Cyber threat intelligence is only as useful as the foundations it is built upon. Without a shared vocabulary, consistent methods, and clear priorities, even the best analysis risks being misunderstood, misapplied, or lost in translation between the teams that produce it and the people who need to act on it.

Today we are publishing our Cyber Threat Intelligence Framework — the analytical and operational backbone of how CERT-EU classifies, assesses, and prioritises malicious cyber activity relevant to Union entities, our constituents, and their wider ecosystem.

Why a framework — and why now?

Union entities operate in an increasingly complex threat environment. They span multiple countries, sectors, and partnerships. They rely on shared systems, common software, and interconnected supply chains. A threat to one can quickly become a threat to many.

Over the years, we have refined our internal methods to keep pace with this reality. The framework formalises that work into a single, transparent reference document. It is designed to serve two audiences: our analysts who produce threat intelligence, and the security officers, primary operational contacts, and decision-makers across Union entities who receive it and act on it.

What is in the framework?

The framework introduces the core concepts and scales that structure our CTI products:

  • Malicious activities of interest (MAIs) — how we define what we track and why.
  • Ecosystem — the components (countries, sectors, events, partners, providers, software, and systems) that determine whether a threat is relevant to our constituents, even when they are not directly targeted.
  • Threat and counter-threat categories — classifying activity by adversarial intent, from cyberespionage to hacktivism, cybercrime, and beyond.
  • Threat domains — a hierarchical model for scoping the geographical and institutional reach of a threat.
  • Threat levels and threat actor levels — structured scales for prioritising alerts and adversaries.
  • Confidence and uncertainties — how we assess information quality using the NATO Admiralty Code and communicate analytical uncertainty using FIRST-standard language.
  • Attribution — the principles that govern our strictly technical, evidence-based approach to linking activity to threat actors.
  • Scoring — how we calculate threat and mitigation scores to support prioritised defence planning.

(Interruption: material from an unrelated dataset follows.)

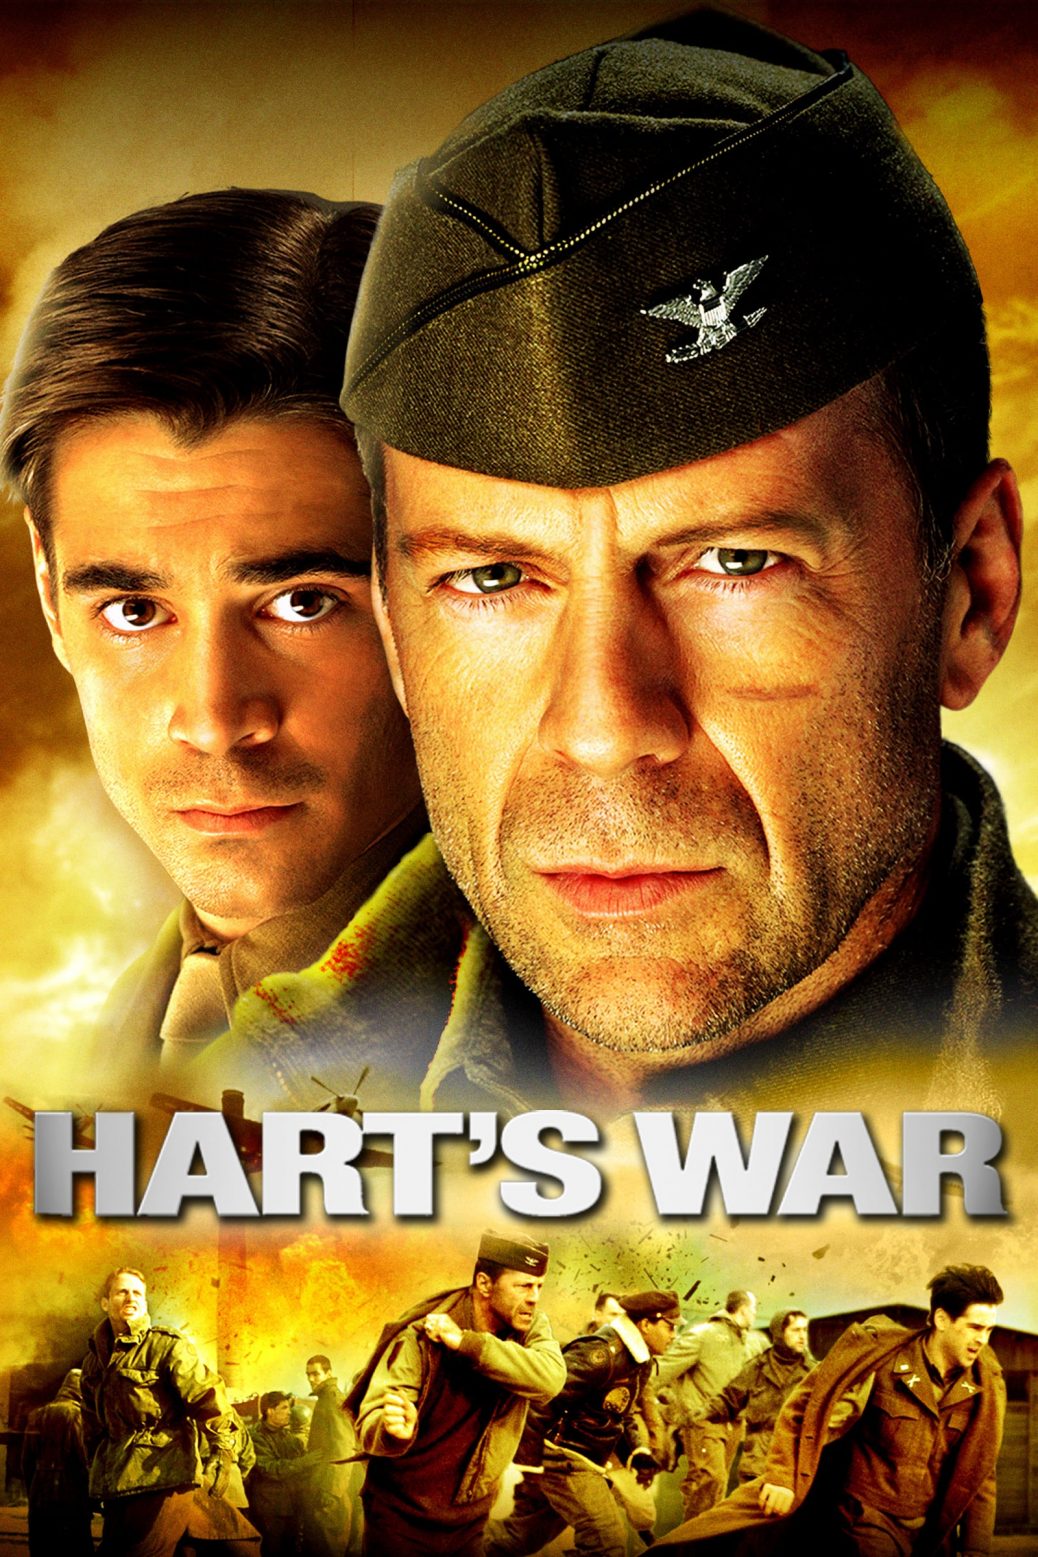 Poster for the movie "Hart's War"

The framework is also a key enabler for our Full-Spectrum Adversary Approach, our own flavour of threat-informed defence, which relies on consistent modelling of threats across both strategic and technical dimensions.

Built on recognised standards

The framework does not reinvent the wheel. It aligns with EU cybersecurity regulations, MITRE ATT&CK, NATO intelligence standards, and FIRST good practices for CTI reporting. Where we have developed our own methods — such as the ecosystem model or the scoring formulae — we have documented the reasoning transparently.

A living document

The framework reflects our current practices, but it is not set in stone. We expect it to evolve as the threat landscape changes, as regulations develop, and as we learn from our constituents and partners.